Xiao-chen WU, Qin YUE, Jian WANG, Jing-zhen LIU, Jin-bao ZHANG. Significance of the electrocardiogram changes in children with congenital heart disease combined with pulmonary hypertension at high altitude area[J]. Chinese Heart Journal, 2021, 33(1): 36-38. DOI: 10.12125/j.chj.202008084
    Citation: Xiao-chen WU, Qin YUE, Jian WANG, Jing-zhen LIU, Jin-bao ZHANG. Significance of the electrocardiogram changes in children with congenital heart disease combined with pulmonary hypertension at high altitude area[J]. Chinese Heart Journal, 2021, 33(1): 36-38. DOI: 10.12125/j.chj.202008084

    Significance of the electrocardiogram changes in children with congenital heart disease combined with pulmonary hypertension at high altitude area

    •   AIM  To explore the clinical significance of P-wave variability (Pw-d) and QT variability (QTd) in the diagnosis and treatment of perioperative arrhythmia in children with congenital heart disease combined with pulmonary artery hypertension(PAH) at high altitude area.

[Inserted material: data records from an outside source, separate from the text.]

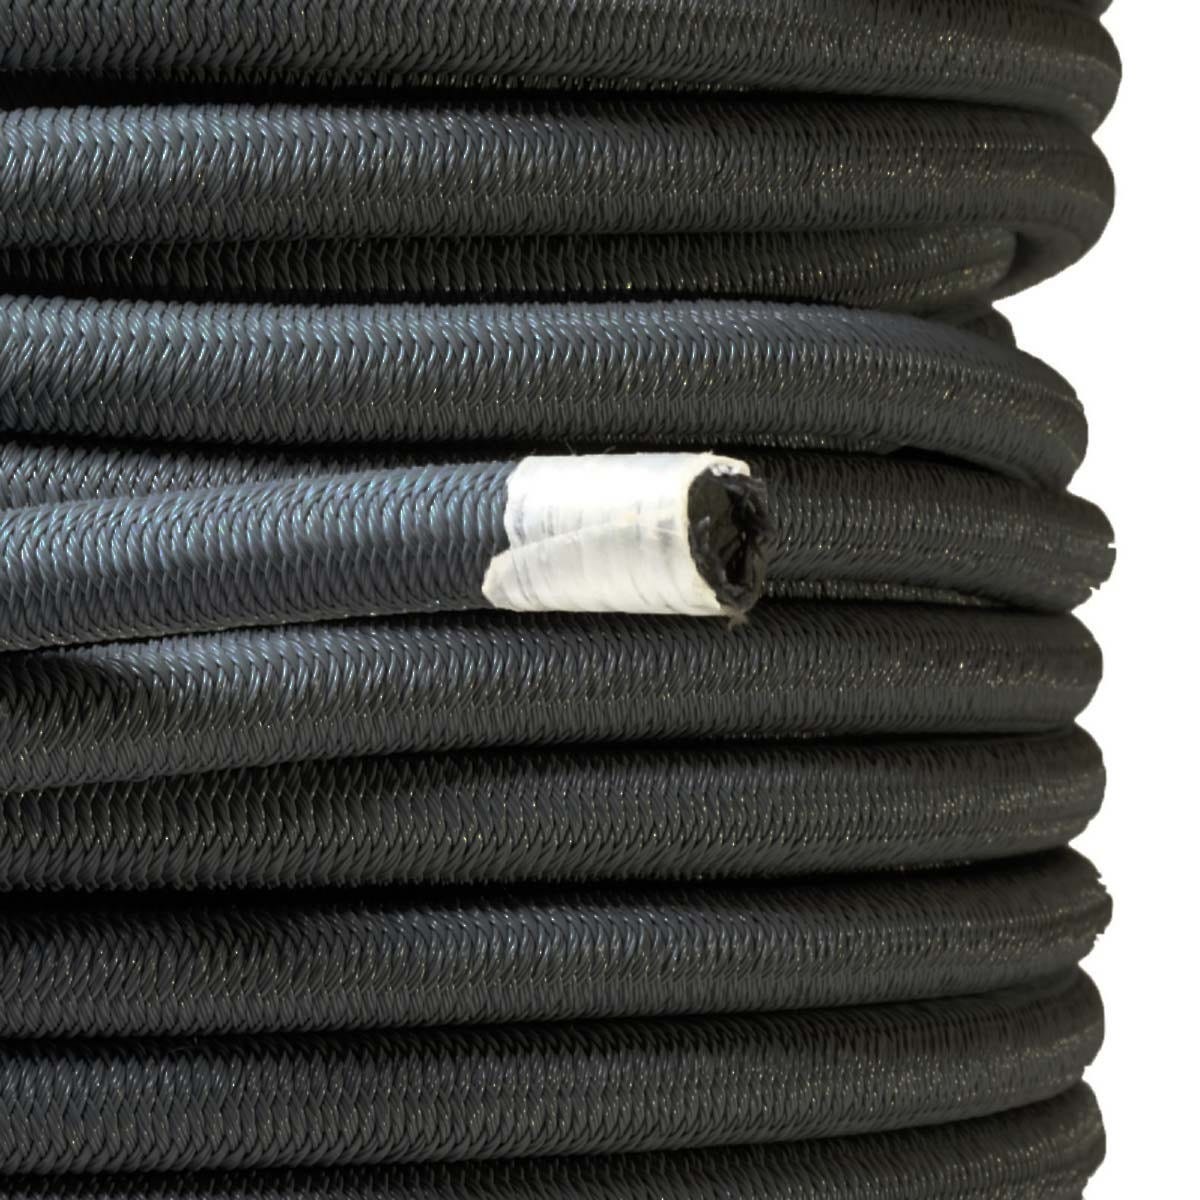 Sandow élastique Noir 15 mètres - Qualité PRO TECPLAST 9SW - Tendeur pour bâche de diamètre 9 mm 2
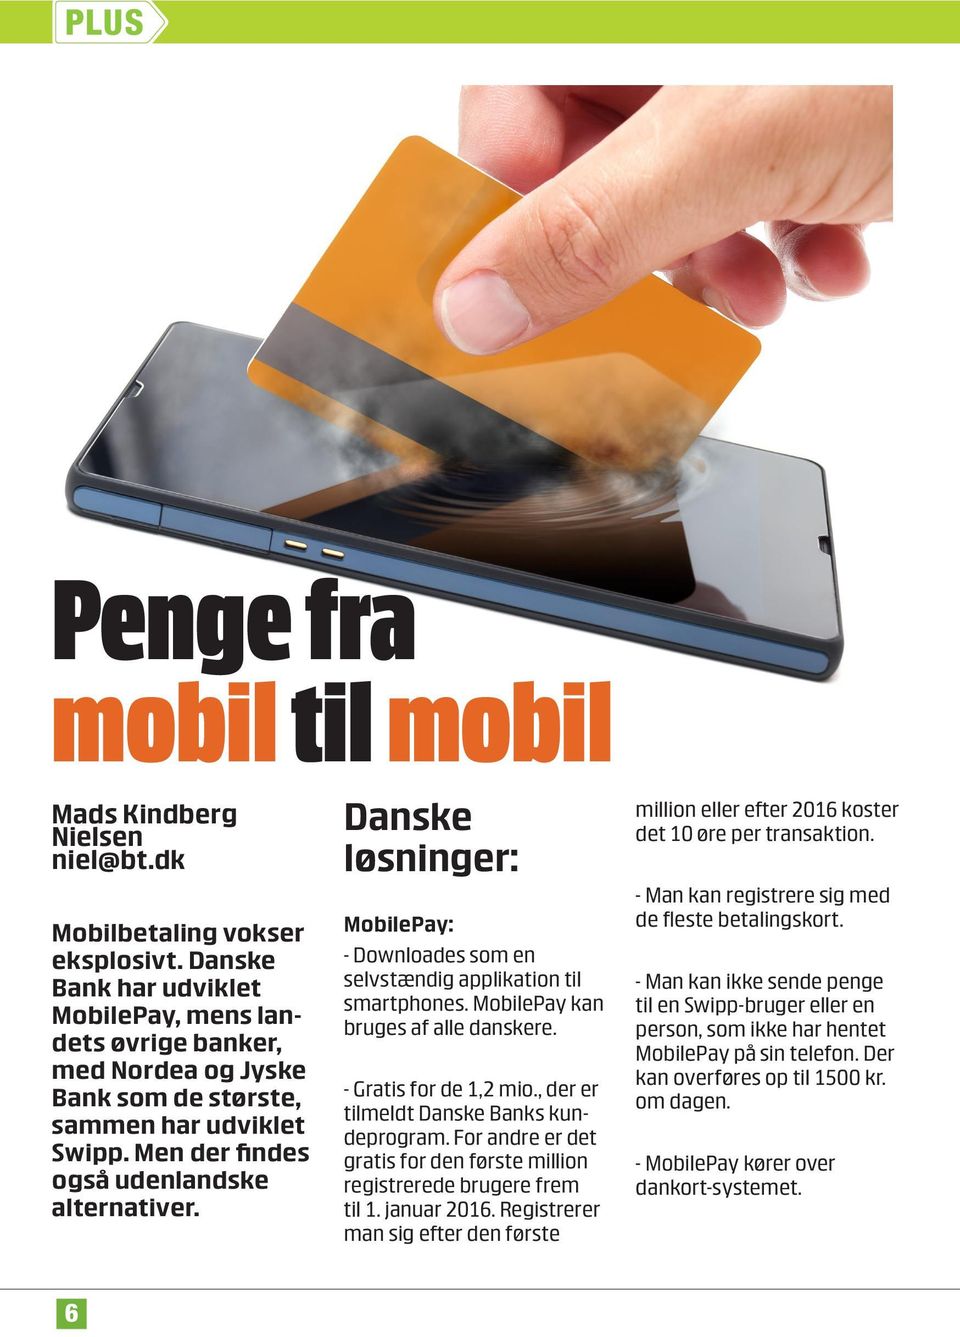 Danske løsninger: MobilePay: - Downloades som en selvstændig applikation til smartphones. MobilePay kan bruges af alle danskere. - Gratis for de 1,2 mio., der er tilmeldt Danske Banks kundeprogram.
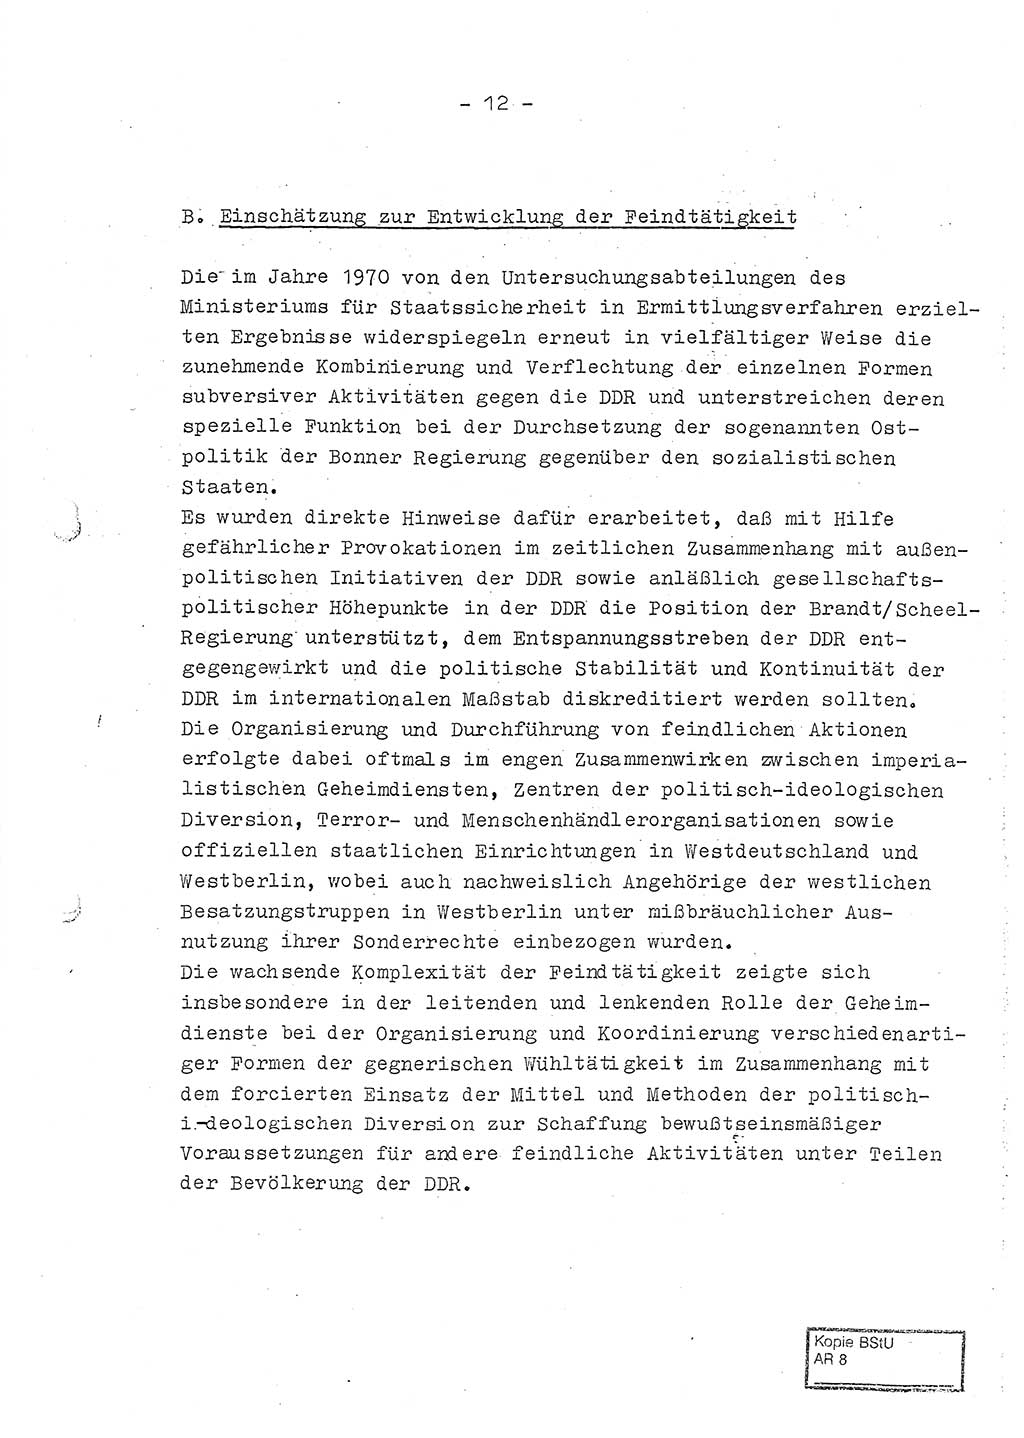 Jahresbericht der Hauptabteilung (HA) Ⅸ 1970, Ministerium für Staatssicherheit (MfS) der Deutschen Demokratischen Republik (DDR), Berlin 1971, Seite 12 (J.-Ber. MfS DDR HA Ⅸ /70 1971, S. 12)

        METHODS  From December 2013 to December 2018, 30 children with congenital heart disease combined with pulmonary hypertension from plateau area were selected as group A, 30 children with congenital heart disease without pulmonary hypertension as group B, and 30 children in department of pediatric of our hospital (without congenital heart disease) as control group. The Pw-d and QT-d of each patient were measured by electrocardiogram(ECG). If arrhythmia is detected by ECG monitoring, 24-hour ECG monitoring was done to confirm the existence and the type of arrhythmia.
        RESULTS  The average length of QT, QT-d, P-mean time, Pw-d, and heart rate in group A were significantly higher than those in group B and C. There was no significant correlation between Pw-d or QT-d and EF in group A. However, significant positive correlation was observed between Pw-d or QT-d with MPAP and RVD (P < 0.05). 24-hour ECG showed that 10 patients in group A had arrhythmia, while 6 patients in group B and C had supraventricular tachycardia, 2 patients with atrial flutter (7%) and 2 patients with atrial fibrillation (7%). The average lengths of QT, QT-d and Pw-d in patients with arrhythmia were significantly higher than those in patients without arrhythmia (P < 0.05).
        CONCLUSION  Pw-d and QT-d have important clinical predictive significance for the diagnosis and treatment of various arrhythmias in children from highaltitudearea with congenital heart disease complicated with PAH preoperatively.